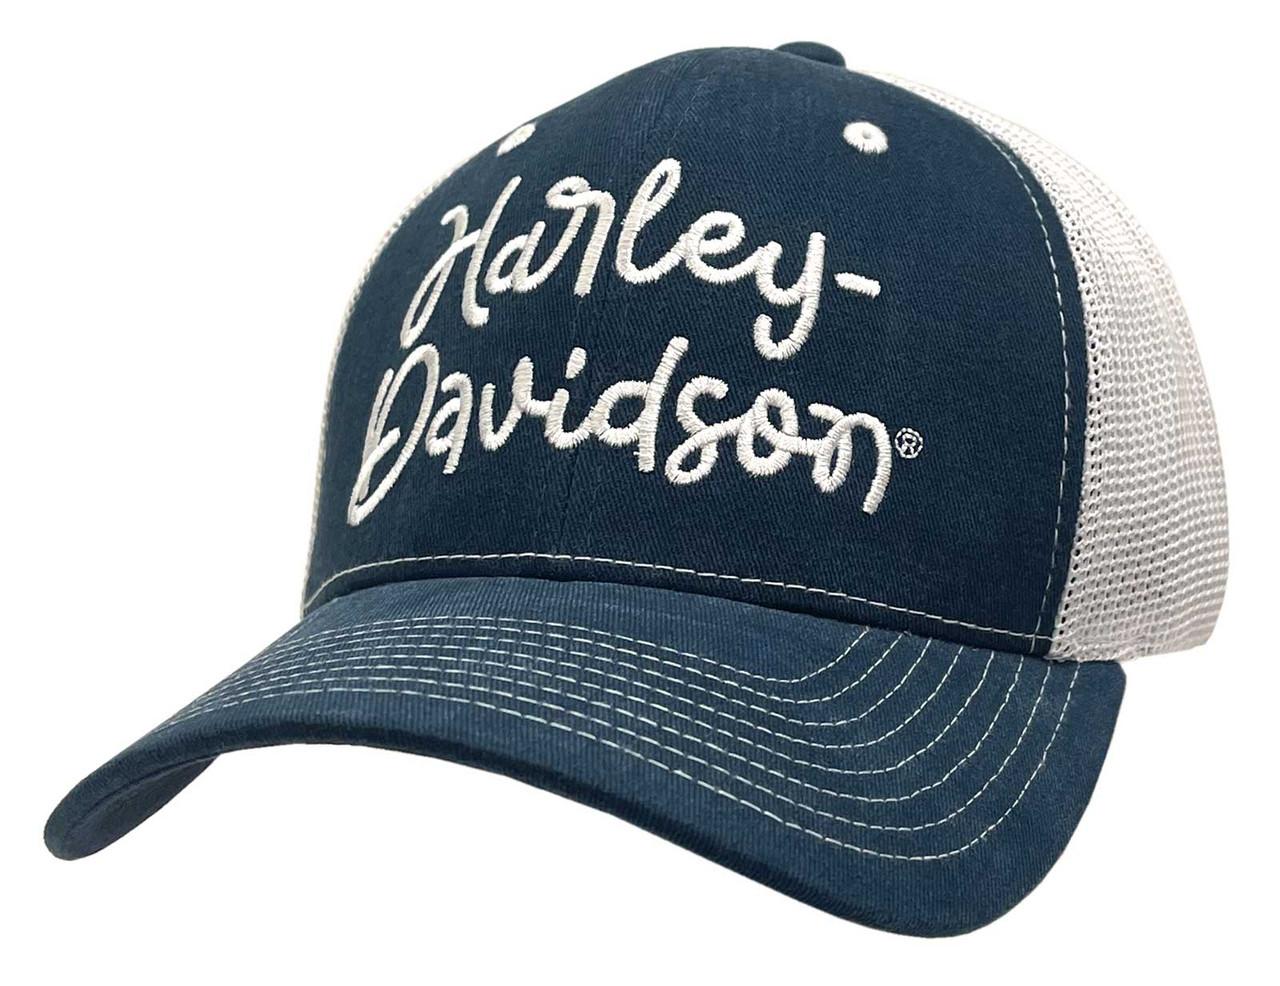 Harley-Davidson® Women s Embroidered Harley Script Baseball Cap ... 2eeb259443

***

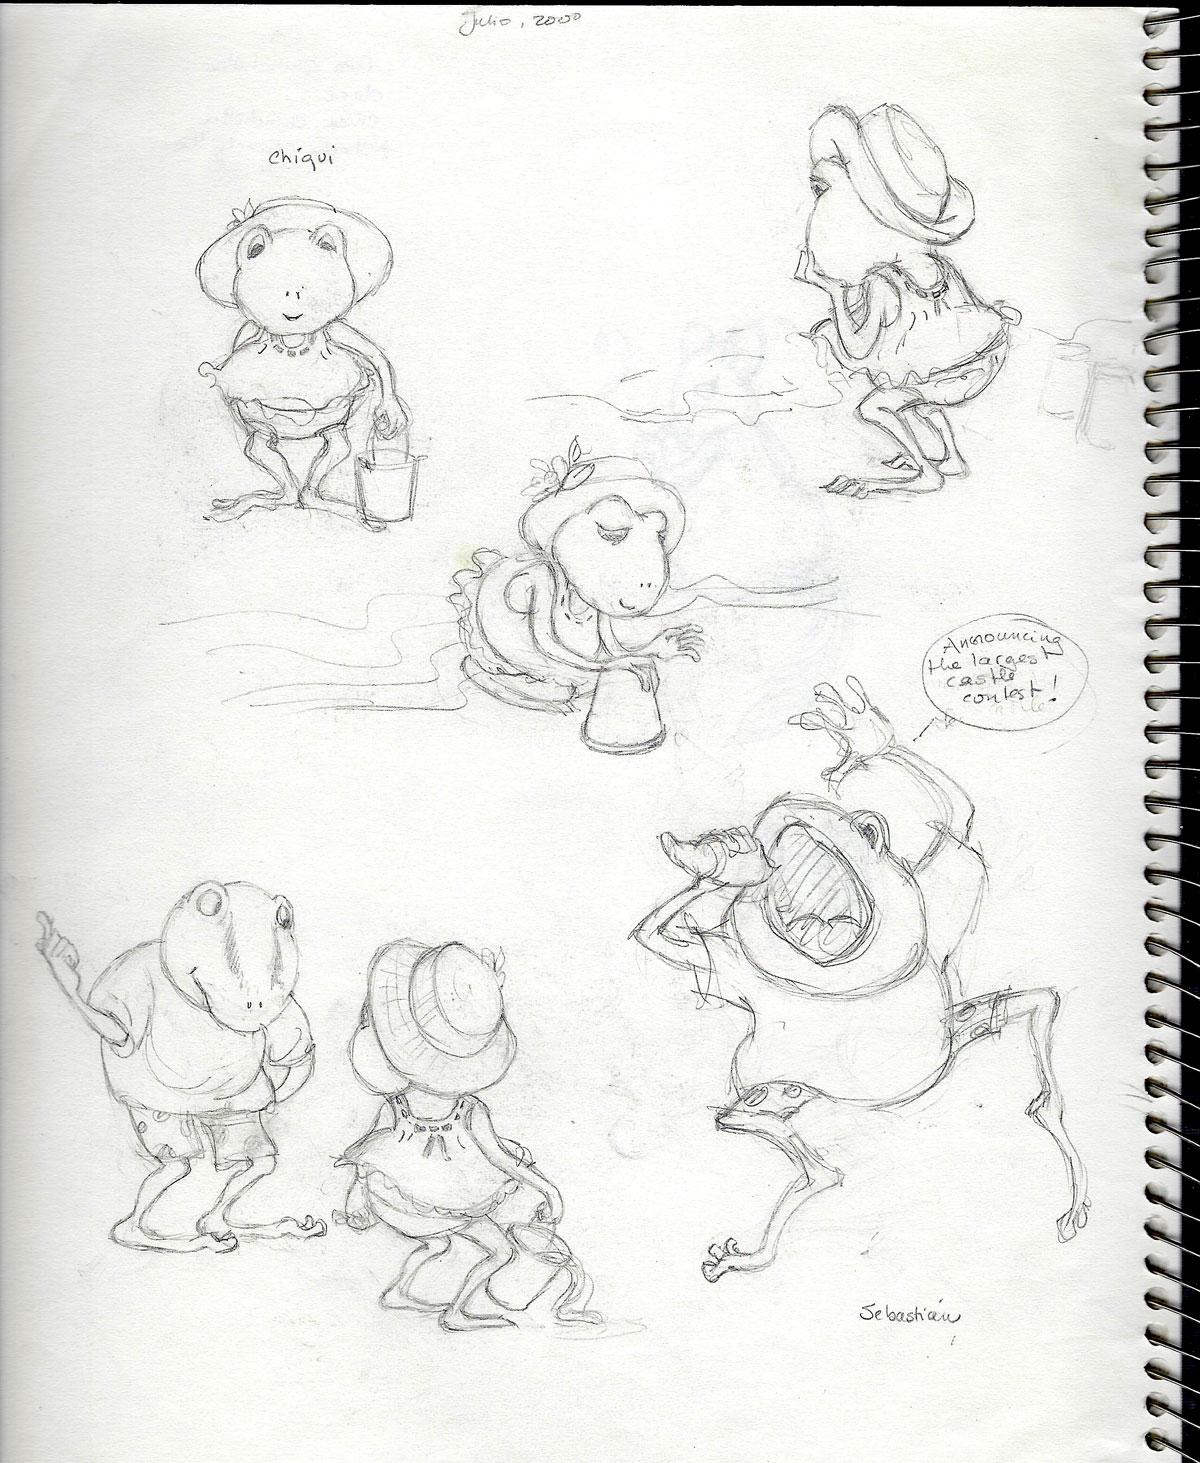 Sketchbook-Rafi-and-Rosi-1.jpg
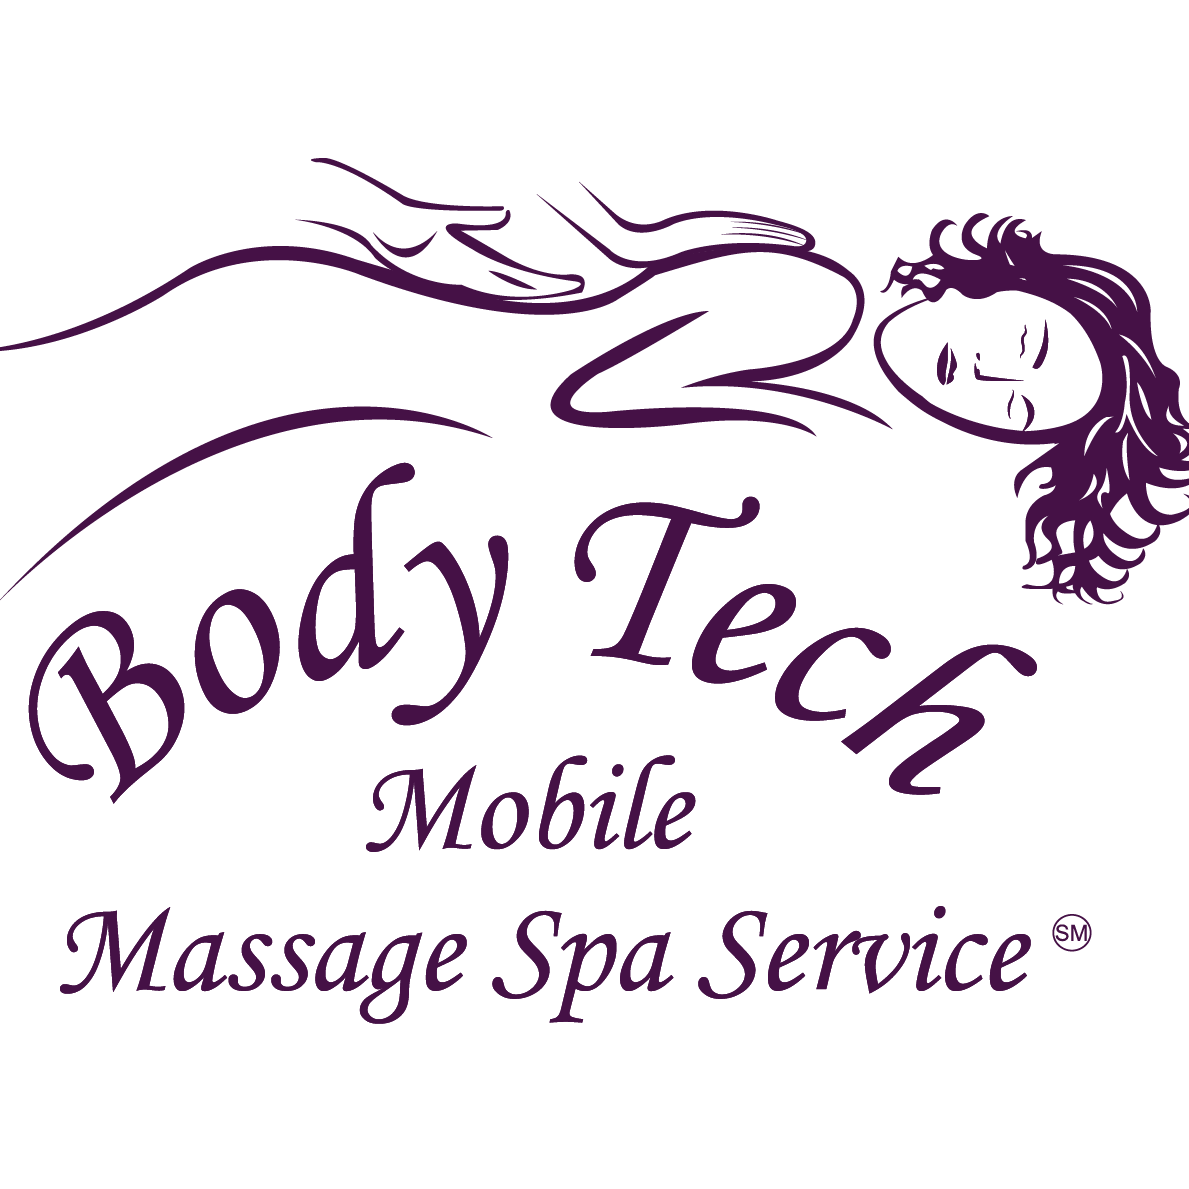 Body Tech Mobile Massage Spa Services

***

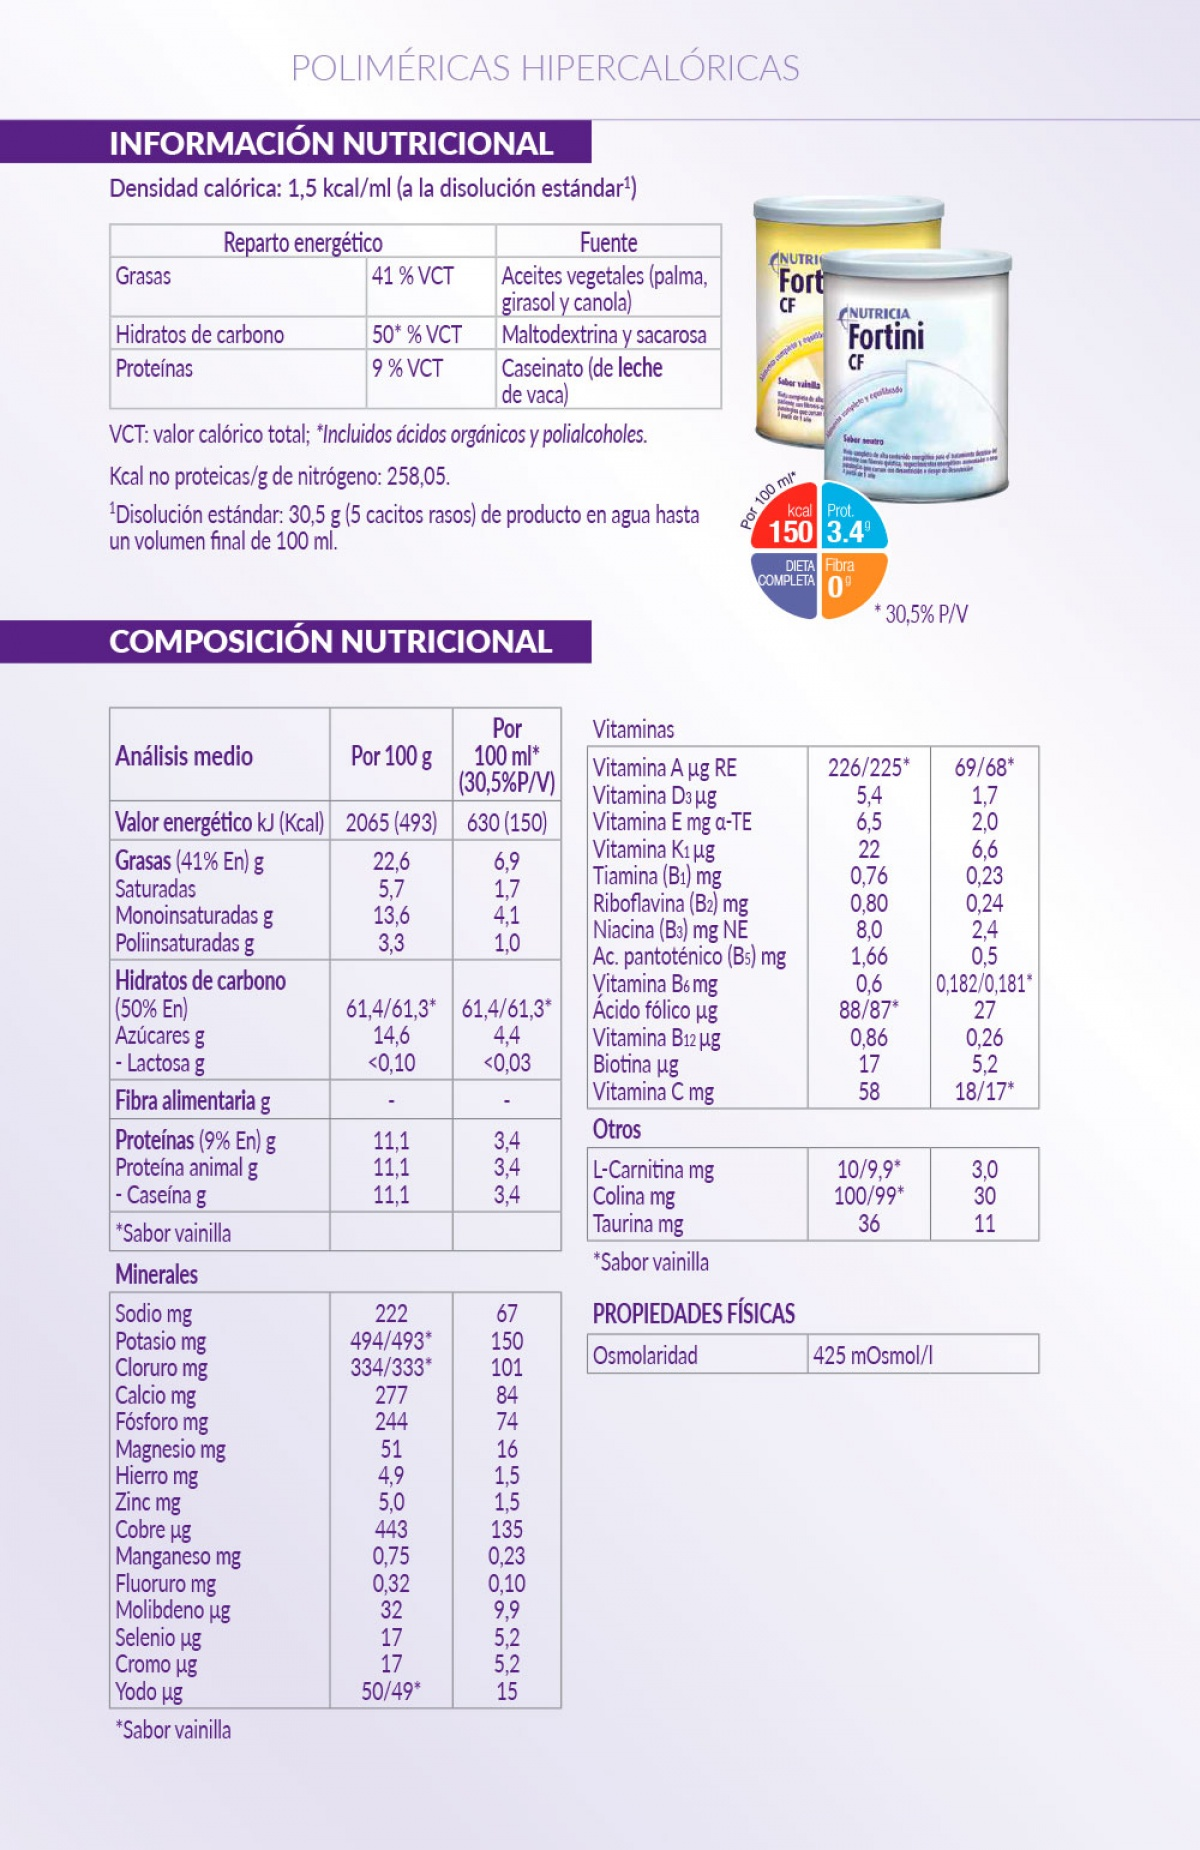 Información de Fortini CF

***

Look above for the line with "Sketchbook-Rafi-and-Rosi-1.jpg" and the line with "Body Tech Mobile Massage Spa Services". Copy them and every line between, exactly, but no pictures.

Written response:
 Sketchbook-Rafi-and-Rosi-1.jpg
 Body Tech Mobile Massage Spa Services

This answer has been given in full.